:: DATA BLOCK
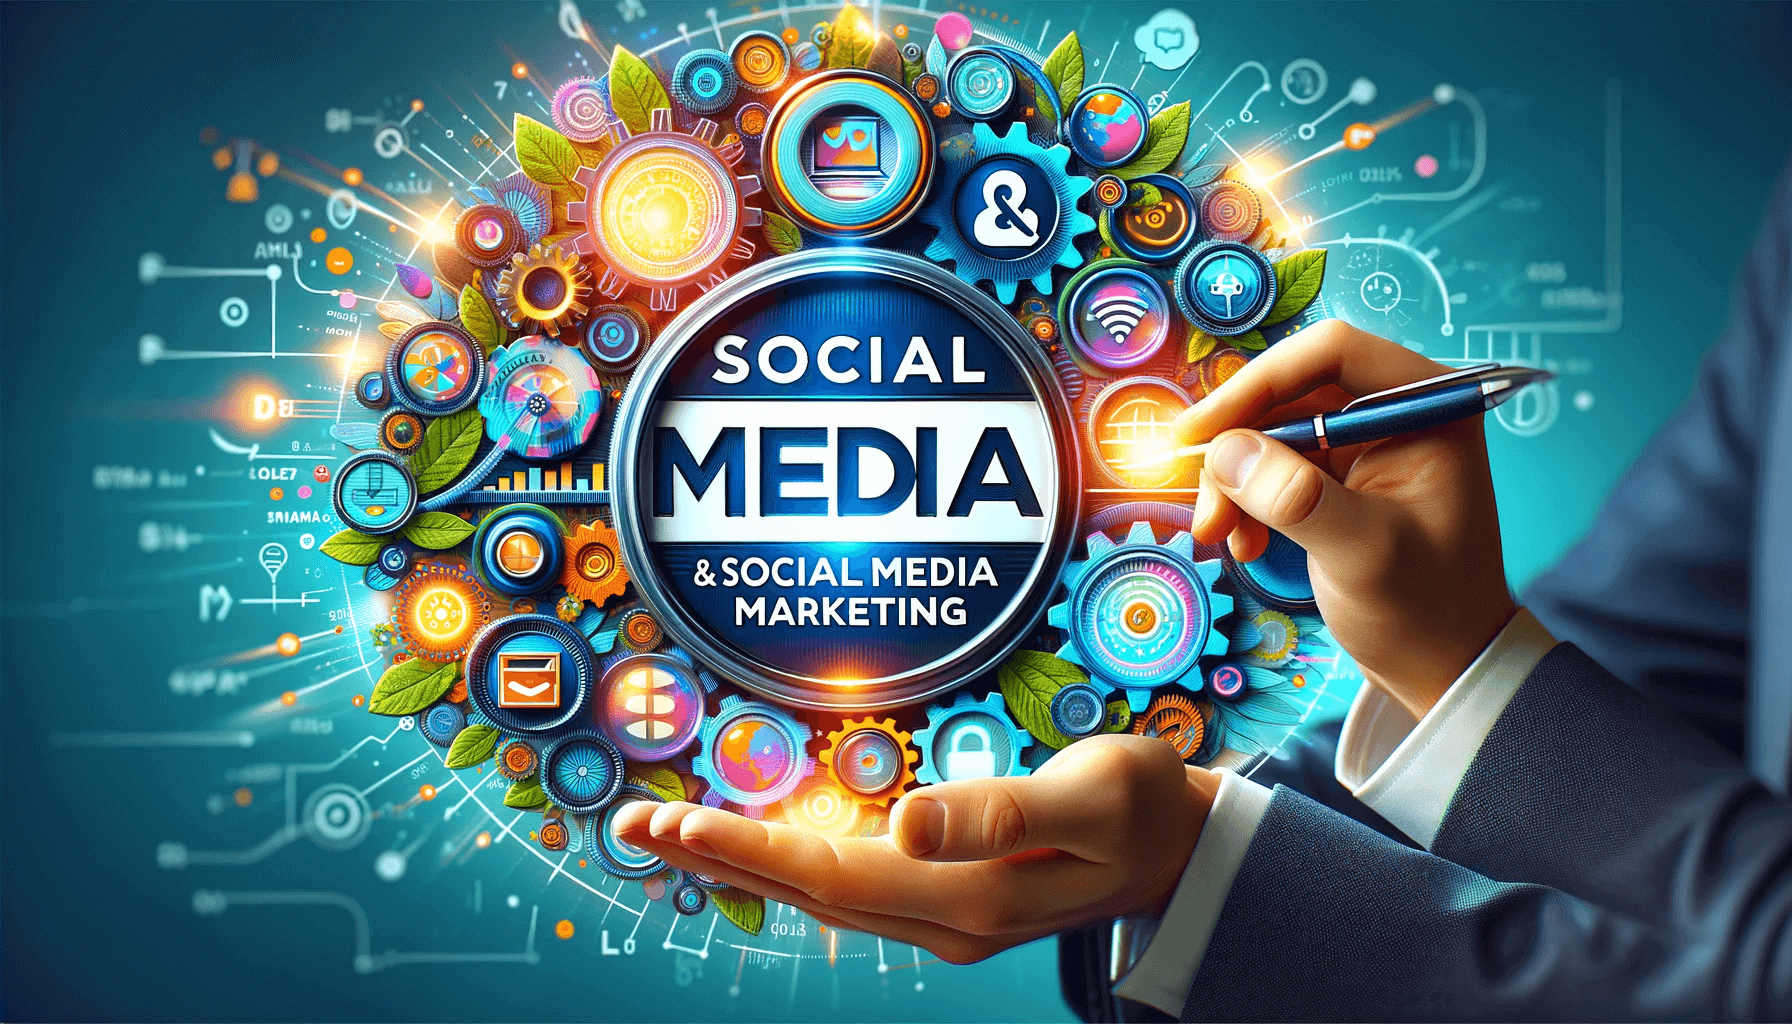 Social Media & Social Media Marketing - Definition - fusepro Glossar
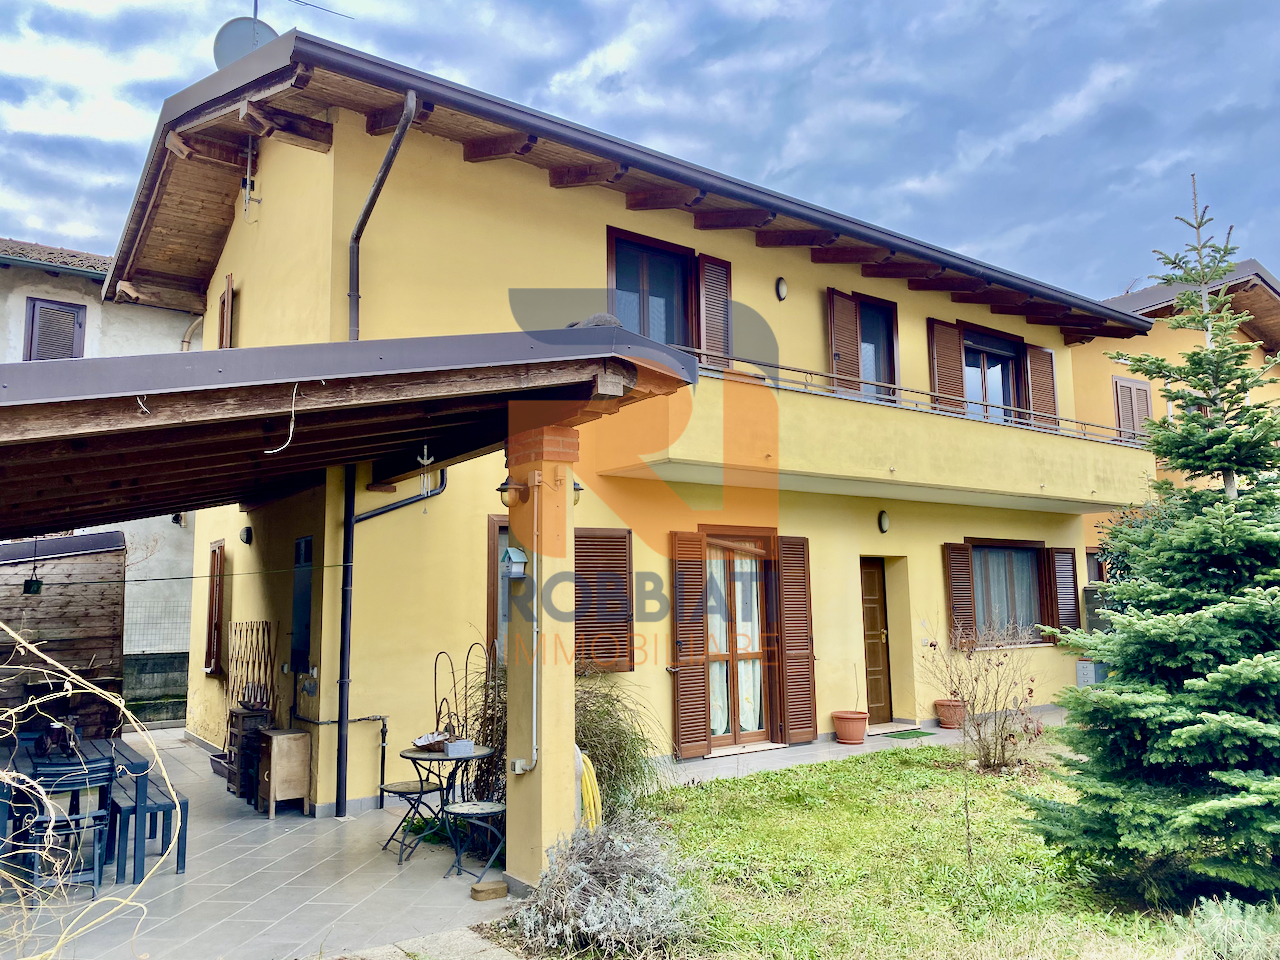 Villa a Schiera in vendita a Dorno, 4 locali, prezzo € 135.000 | PortaleAgenzieImmobiliari.it
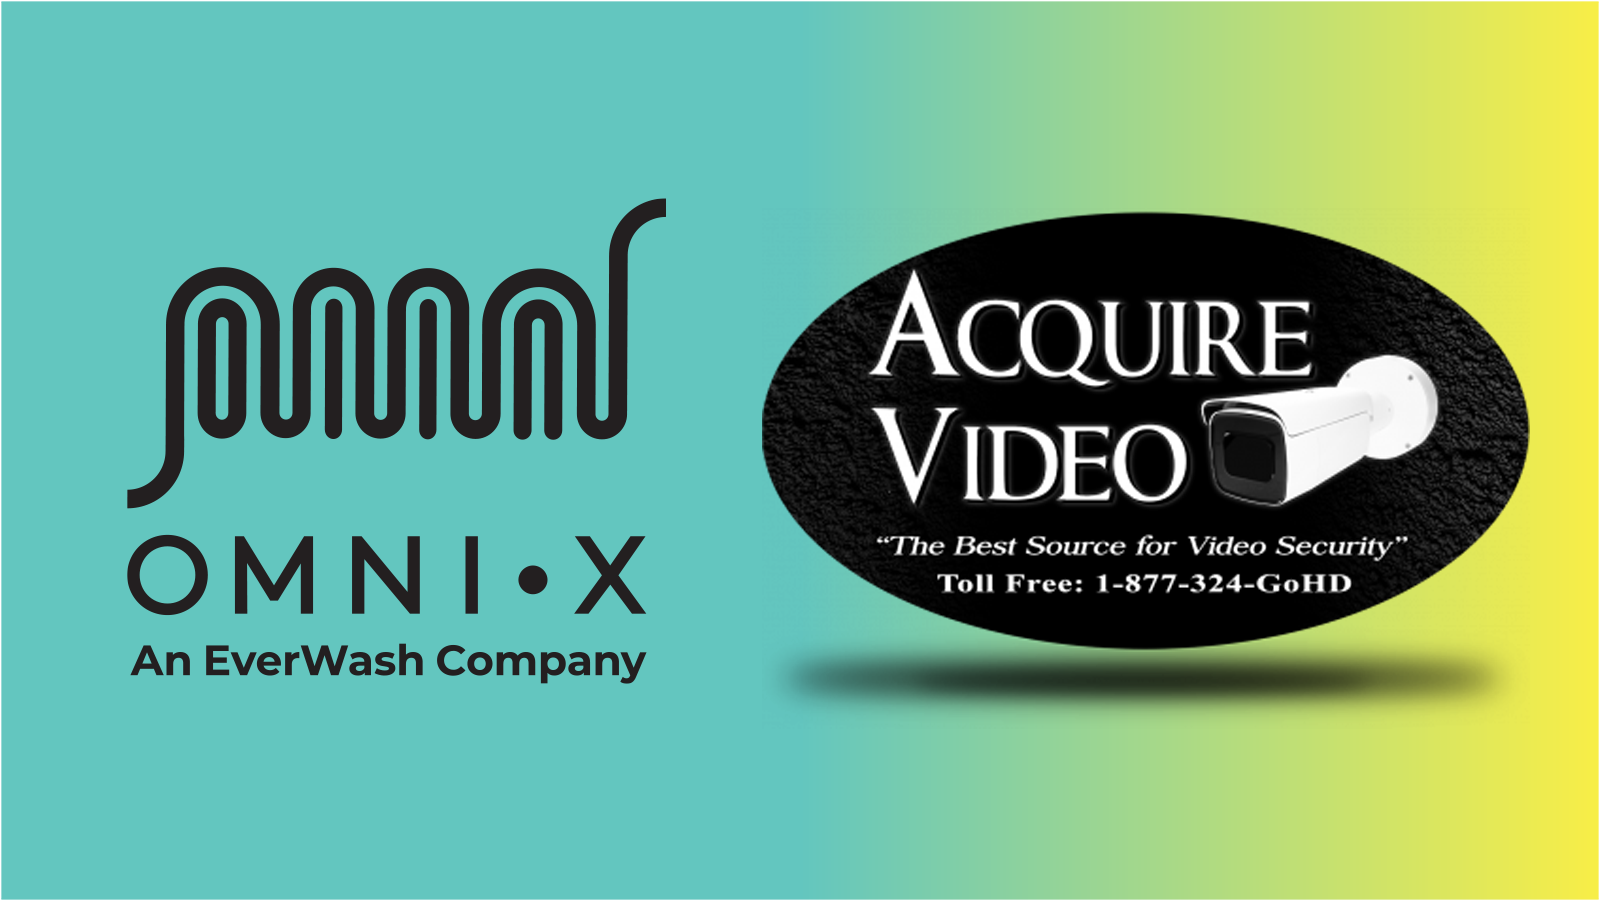 omniX and Acquire Video
::::
Could each line of the data be written out exactly, with no pictures included?

> **ANSWER BOX**:
 Social Media & Social Media Marketing - Definition - fusepro Glossar
 Villa a Schiera in vendita a Dorno, 4 locali, prezzo € 135.000 | PortaleAgenzieImmobiliari.it
 omniX and Acquire Video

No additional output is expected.